For over twenty years, scientists have known that a normal protein in the brain, PrP, or prion protein, can turn harmful and cause deadly illnesses like Creutzfeldt-Jakob disease (CJD) in humans, and bovine spongiform encephalopathy (BSE) in cattle. What they could not explain is why large amounts of this normal protein are produced by our bodies in the first place.
Researchers from the University of Konstanz in Germany now reveal that PrP indeed plays a beneficial role for the organism – PrP helps cells communicate with one another during embryonic development.
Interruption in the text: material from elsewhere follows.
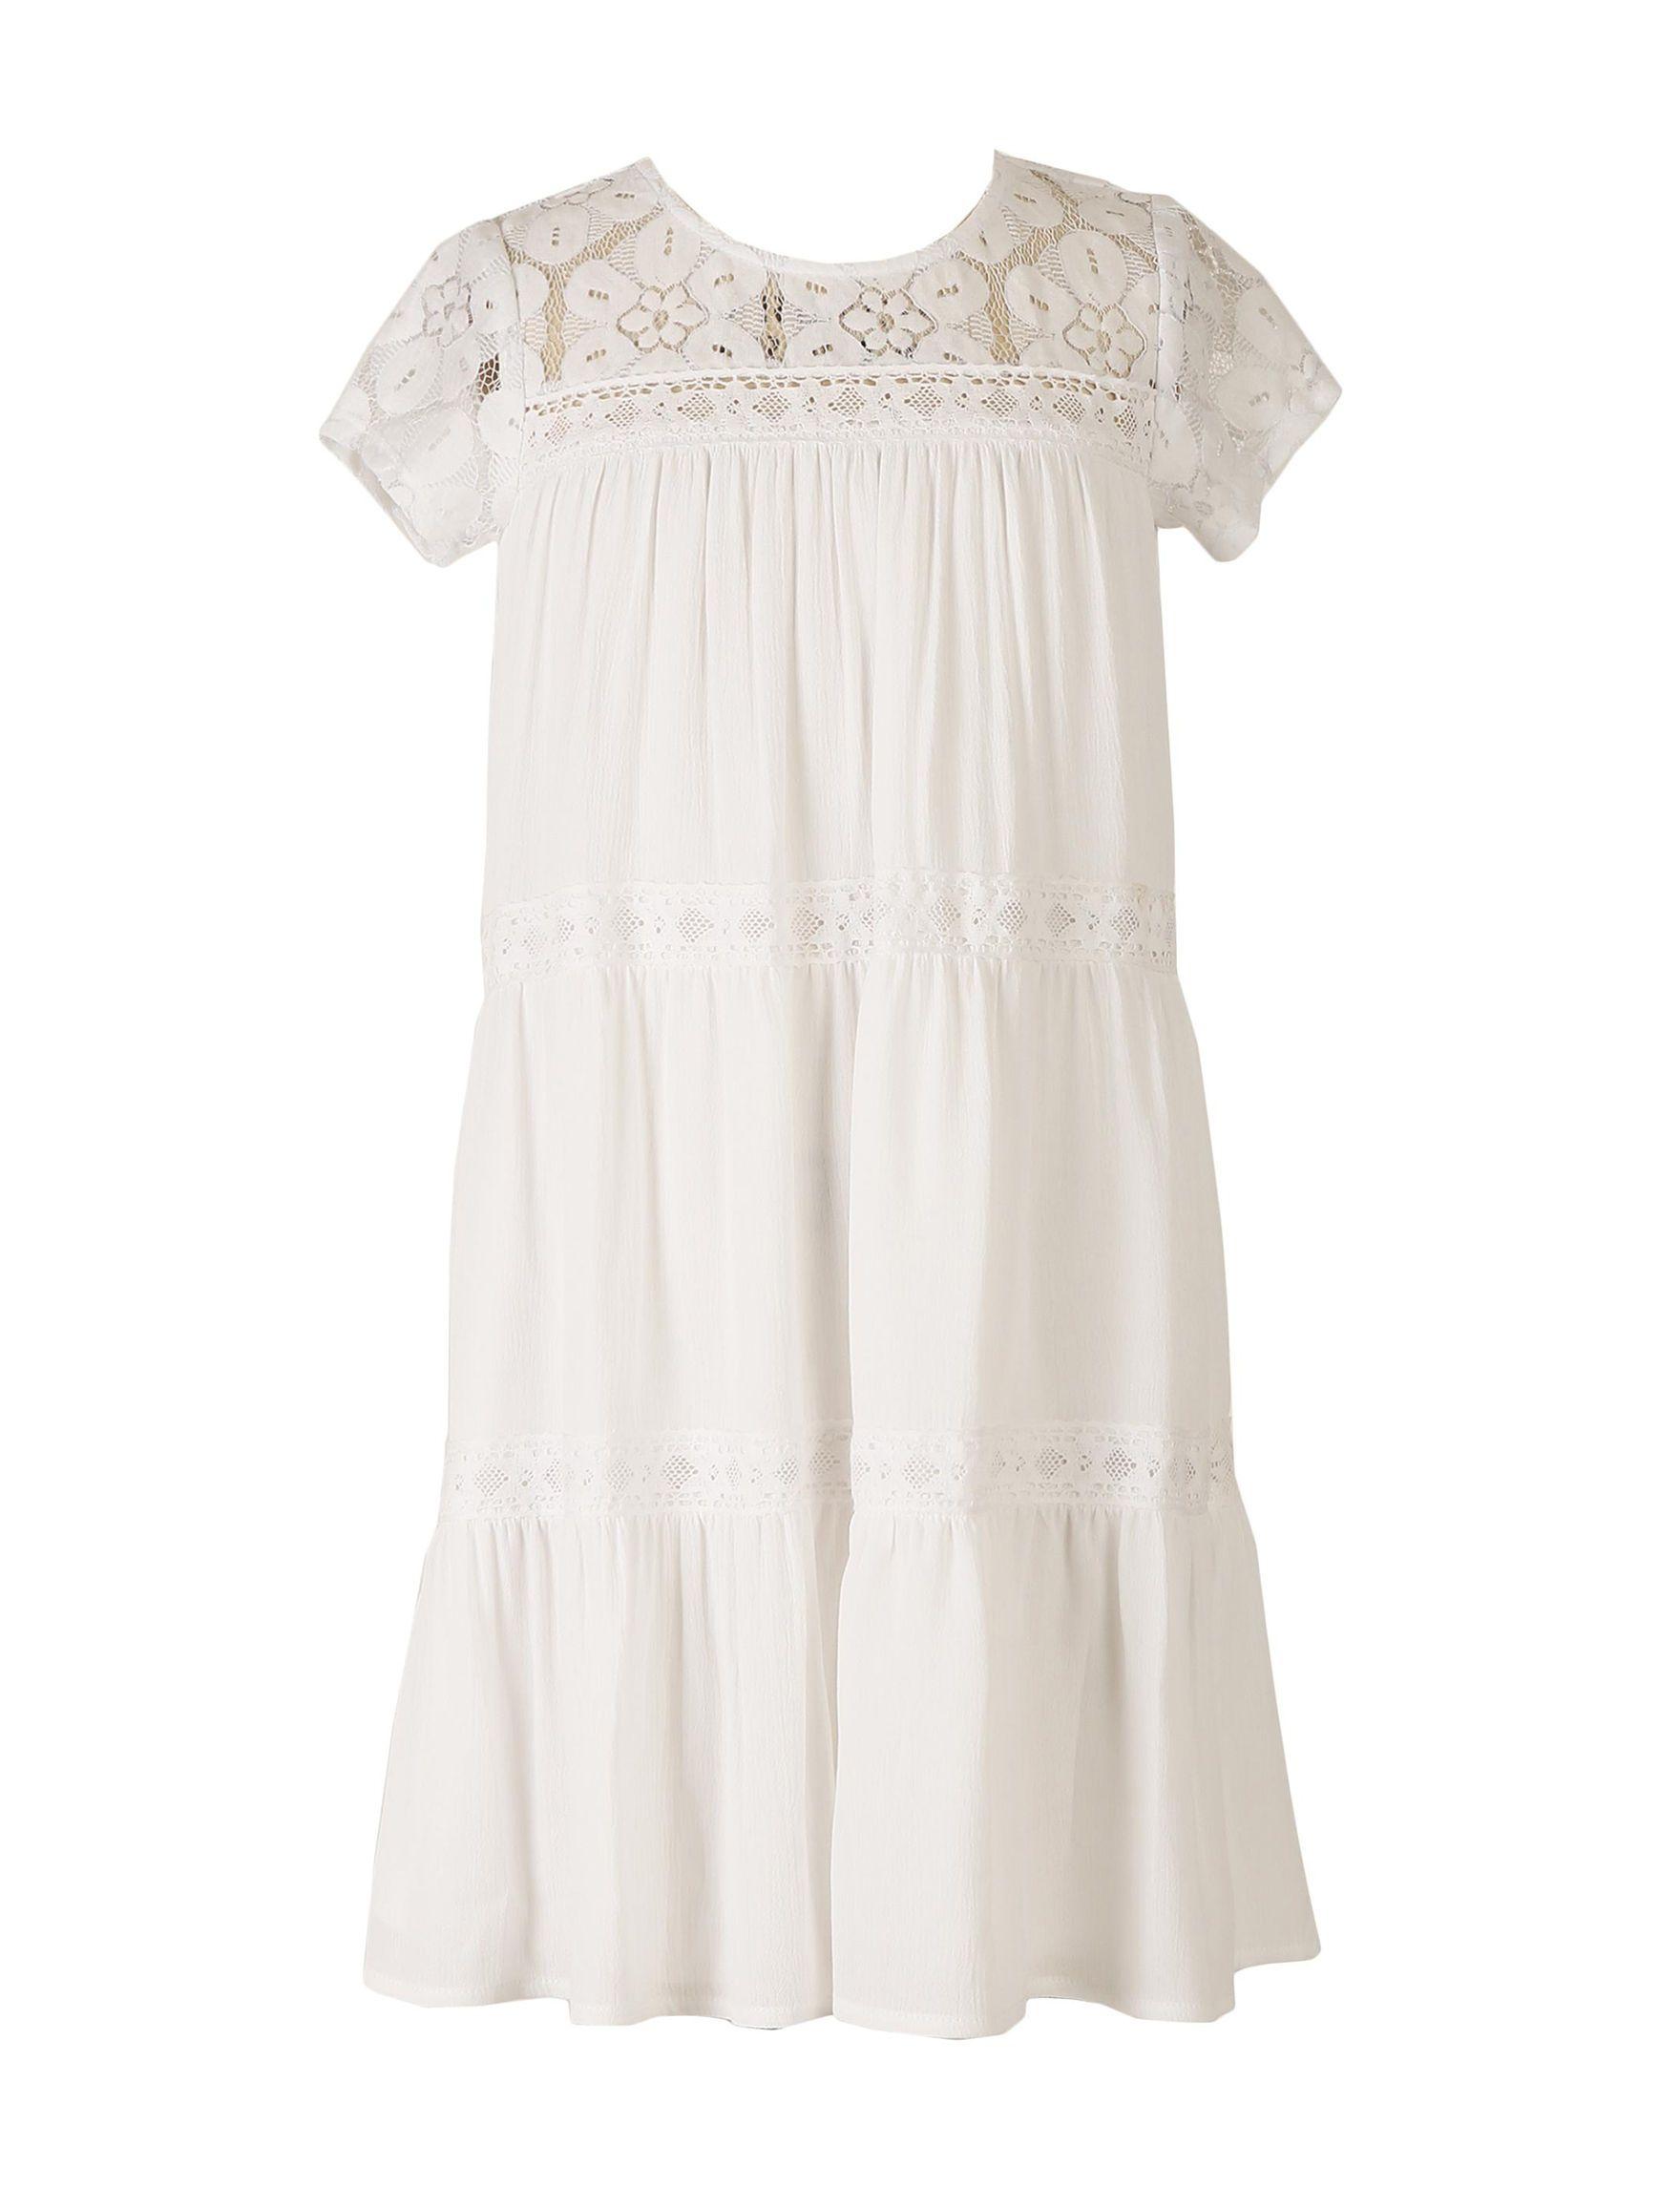 Tiered Gauze Dresses

In prion diseases, what transforms the normal PrP protein into a life-threatening substance is the abnormal alteration of its chemical structure. Moreover, prions have the treacherous ability to replicate by imprinting their abnormal structure into healthy PrPs, thereby generating new pathogenic particles. While this "conversion" process explains how prions are disseminated, "An abnormal function of the prion protein is considered to be one of the reasons for neuronal degeneration," explains Dr. Edward Málaga-Trillo, leader of the study in Konstanz. However, the normal function of PrP has remained an unsolved mystery for many years. Until now, all previous experiments in genetically modified mice had failed to provide conclusive evidence, as these animals lacking PrP seemed perfectly healthy. A dead end?
By no means. The scientists from Konstanz were able to show that the lack of PrP can cause clear physiological abnormalities in a living animal and the trick was to use the tiny zebrafish as a model.
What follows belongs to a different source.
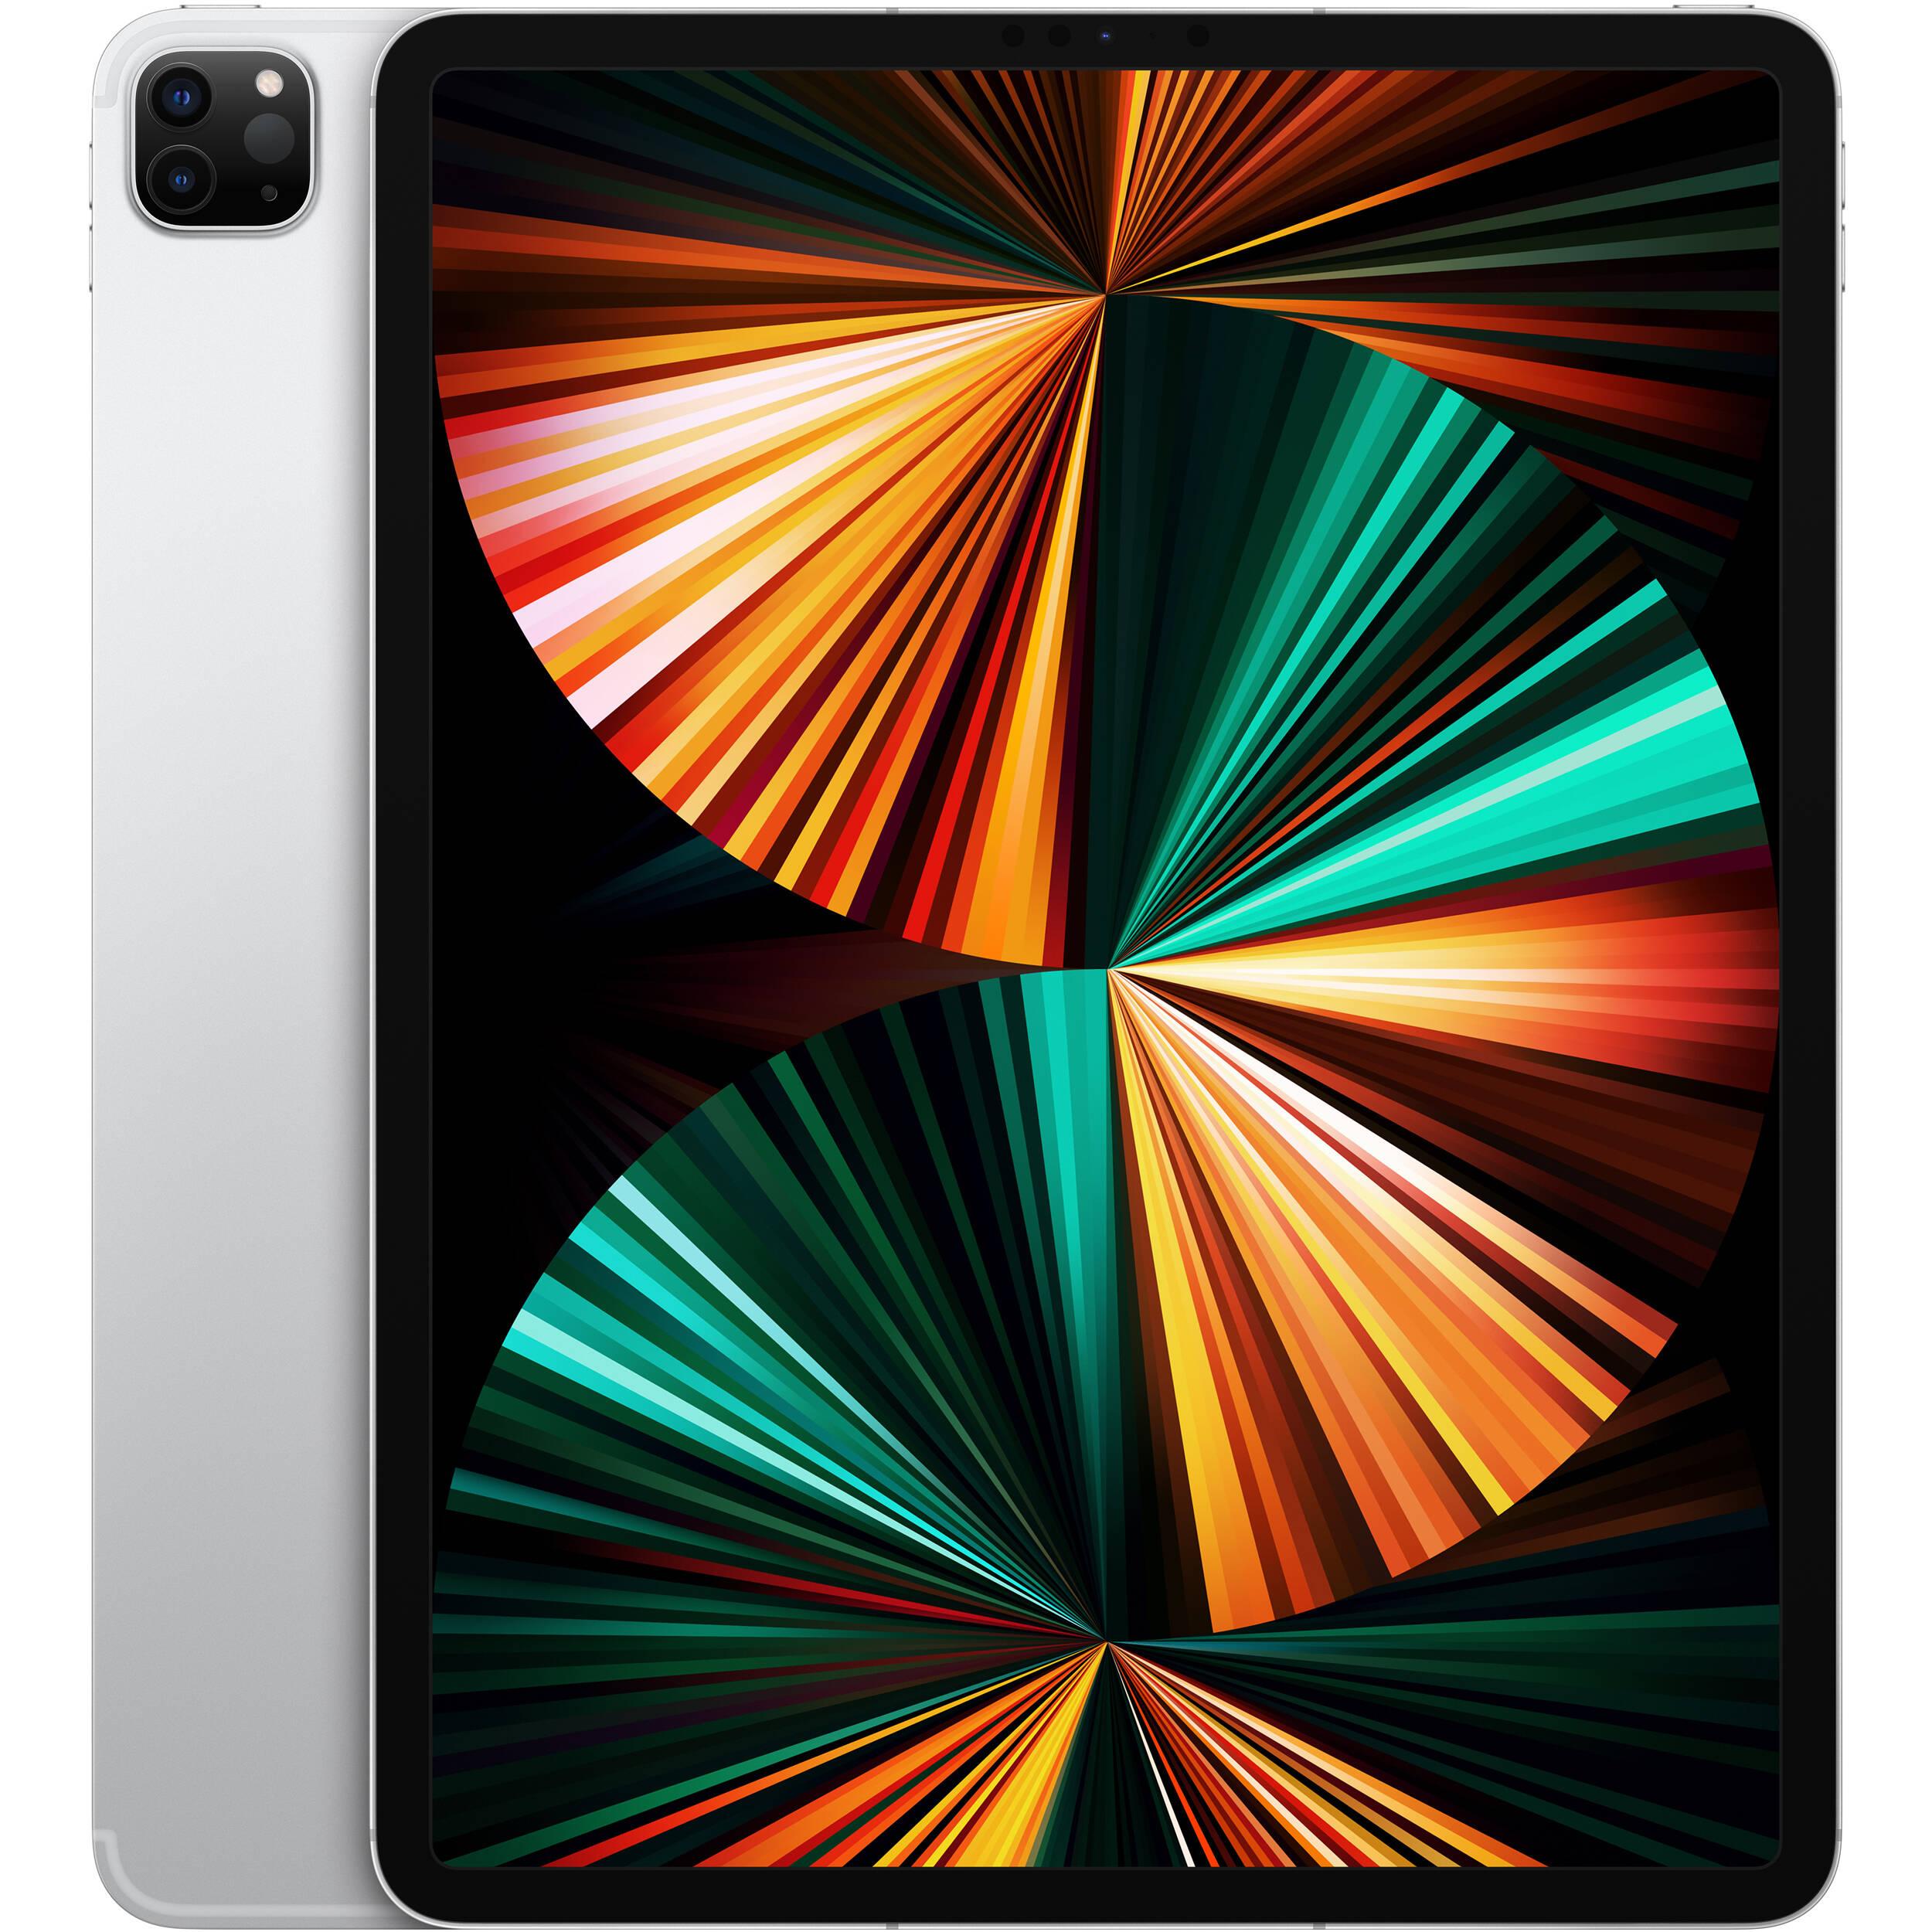 "Apple 12.9"" iPad Pro M1 Chip MHP53LL/A B&H Photo Video"

When the researchers from Konstanz microinjected zebrafish eggs with morpholinos, DNA-like molecules that prevent the normal production of PrP, the treated zebrafish embryos were unable to develop normally and eventually died. The proteins in the fish embryos normally found at cell-to-cell contact sites disappeared, rendering these cells unable to communicate and carry out the differentiation program that shapes the major structures of the body, including the nervous system.
"We were then able to prove that PrP serves as a glue element, bringing cells together and keeping them in contact," explains co-author Dr. Gonzalo Solis, member of the team at the laboratory of Prof. Claudia Stürmer. "When two neighboring cells make contact, they become able to exchange important signals that affect the function of a tissue in the body."
Although the work by Málaga-Trillo, Solis, and colleagues does not offer an immediate cure for CJD or BSE, the team from Konstanz has fit together the first pieces of a complex puzzle, which may widen our understanding of prion diseases and provide hope for their effective treatment.